The case was over and he had written a psychological report. In it he had speculated that the weapon Arnold Folkestad had shot himself with was the same one that had been used to murder Gusto Hanssen. And that there were several similarities between Gusto Hanssen and René Kalsnes. Both were very attractive young men who had no scruples about selling sexual favours to men of all ages, and it may have been that Folkestad had a propensity to fall in love with such types. Nor was it improbable that someone with Folkestad’s paranoid schizophrenic symptoms might have murdered Gusto out of jealousy or for a whole string of other reasons based on delusions as a result of a profound psychosis, though this might not necessarily have been noticeable to the outside world. Here Ståle had attached notes from the time Arnold Folkestad had worked in Kripos and come to him complaining about hearing voices. Even though psychologists had long concurred that hearing voices was not always synonymous with schizophrenia, Aune had tended to the view that in Folkestad’s case it was and started preparing a diagnosis that would have finished Folkestad’s career as a detective. But it had never become necessary to send the report as Folkestad decided to resign after telling Aune about his approach towards an unnamed colleague. He had also terminated the treatment and thus disappeared off Aune’s radar. However, it was clear that there had been a couple of events that might have triggered his deterioration. One was the head injuries he had received which had necessitated a longish stay in hospital. There was significant research showing that even light blows to the brain could cause behavioural changes, such as increased aggression and decreased impulse control. The blows, incidentally, bore a likeness to those he dealt to his victims. And the second event was the loss of René Kalsnes, with whom, witnesses’ testimonies suggested, he had been wildly, almost manically, in love. It was no surprise that Folkestad had concluded what he obviously regarded as his mission by taking his own life. The only caveat had to be that he hadn’t left anything in writing or said anything to justify what he had done. It was normal for megalomaniacs to feel a need to be remembered, understood, declared a genius, admired and to find a well-deserved place in history.

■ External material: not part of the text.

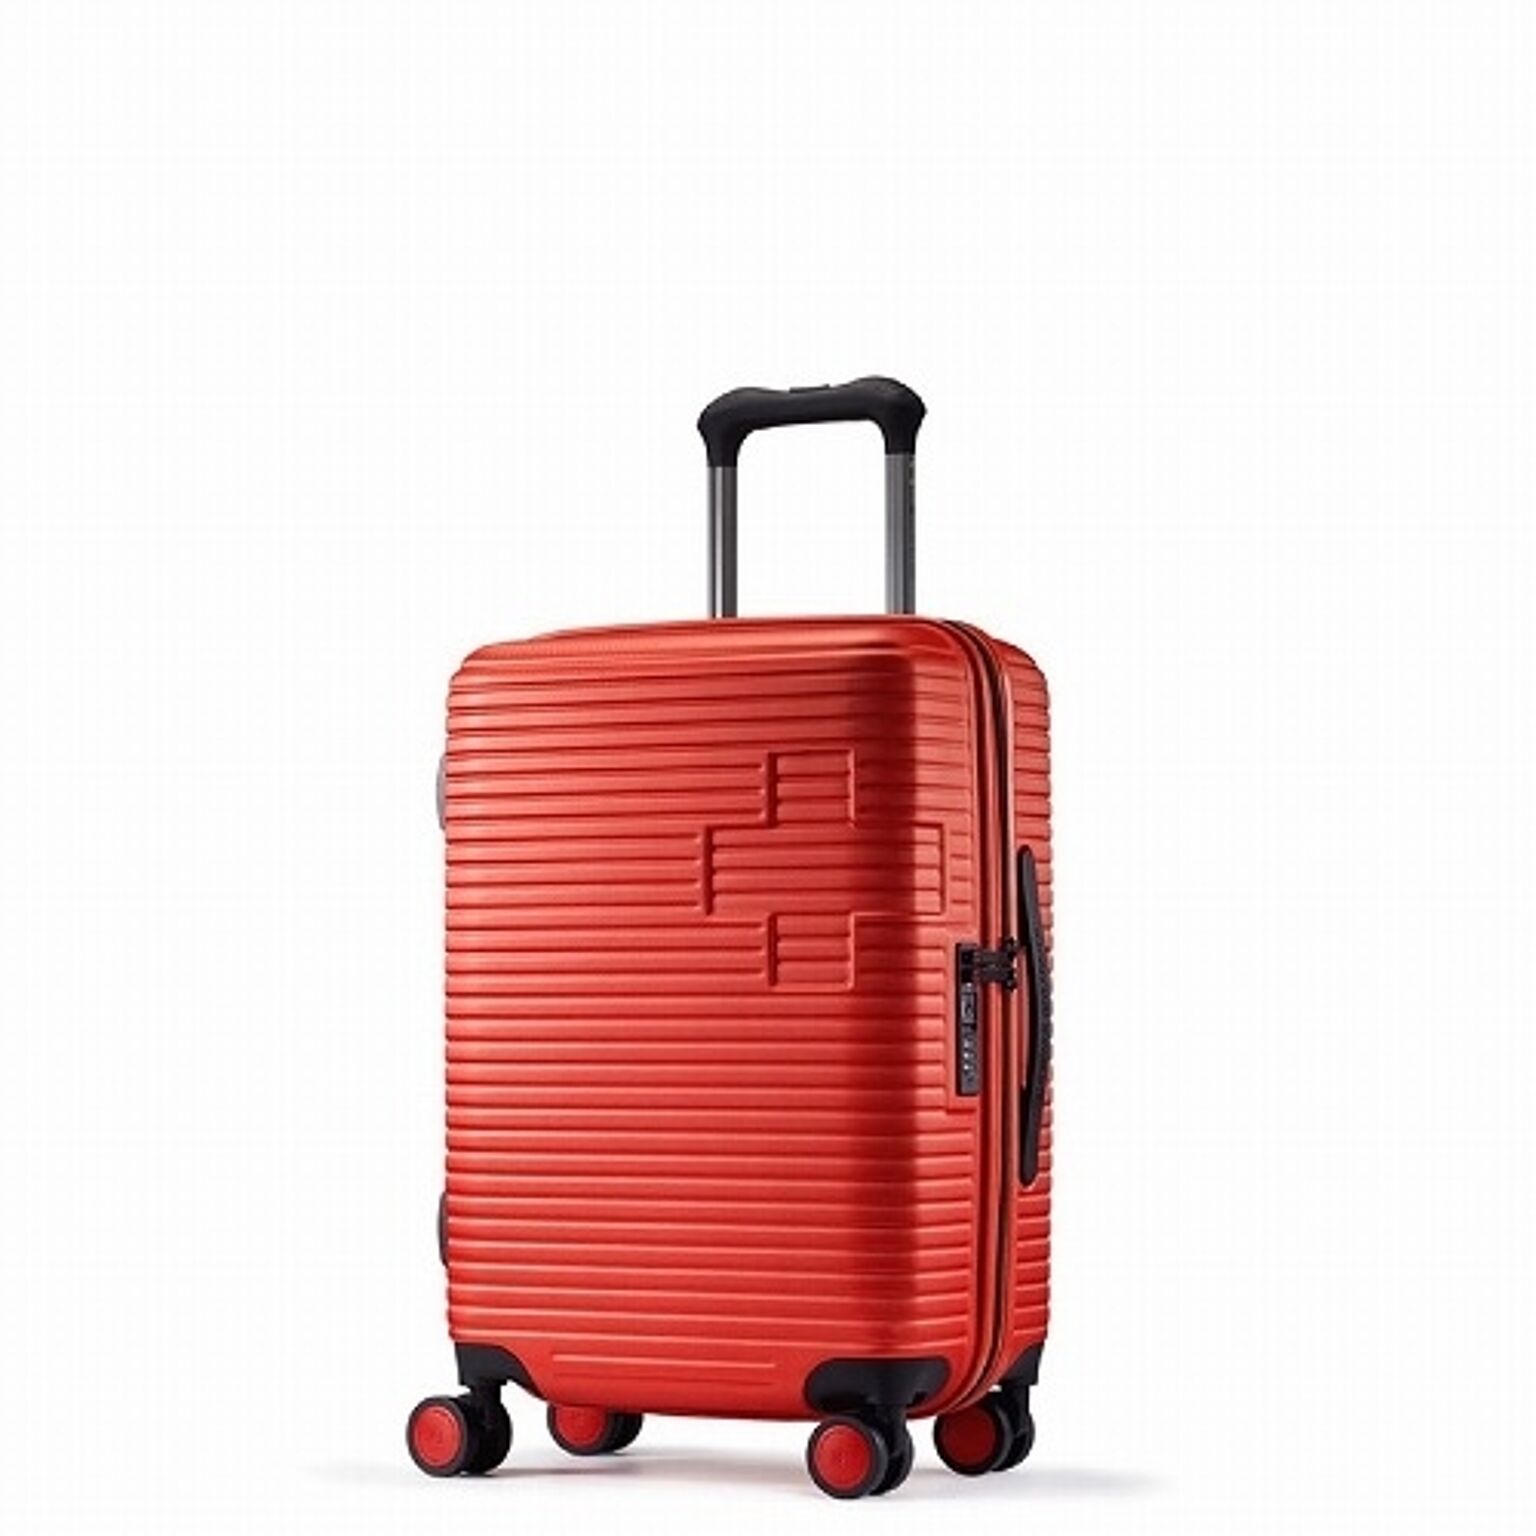 SWISS MILITARY COLORIS(コロリス) スーツケース SM-HB920-RED 54cm 機内持ち込み可/40L/TSAロック/ティンプティングレッド

The psychological report had been well received. It was the final piece in the puzzle, Mikael Bellman had said.

But Ståle Aune had a suspicion that it was another aspect which had been of paramount importance for the police. With this diagnosis he put an end to what otherwise could have become a bitter and problematic issue: how could one of the force’s own men be behind the massacre? Folkestad was only an ex-policeman, it was true, but nevertheless, what did this say about the profession and what did it say about the culture inside the police force?

Now they could shelve the debate because a psychologist had concluded that Arnold Folkestad had been insane. Insanity has no cause. Insanity just is, a kind of natural disaster that strikes out of the blue, the kind of thing that can happen. And afterwards you have to get on with your life because what else can you do?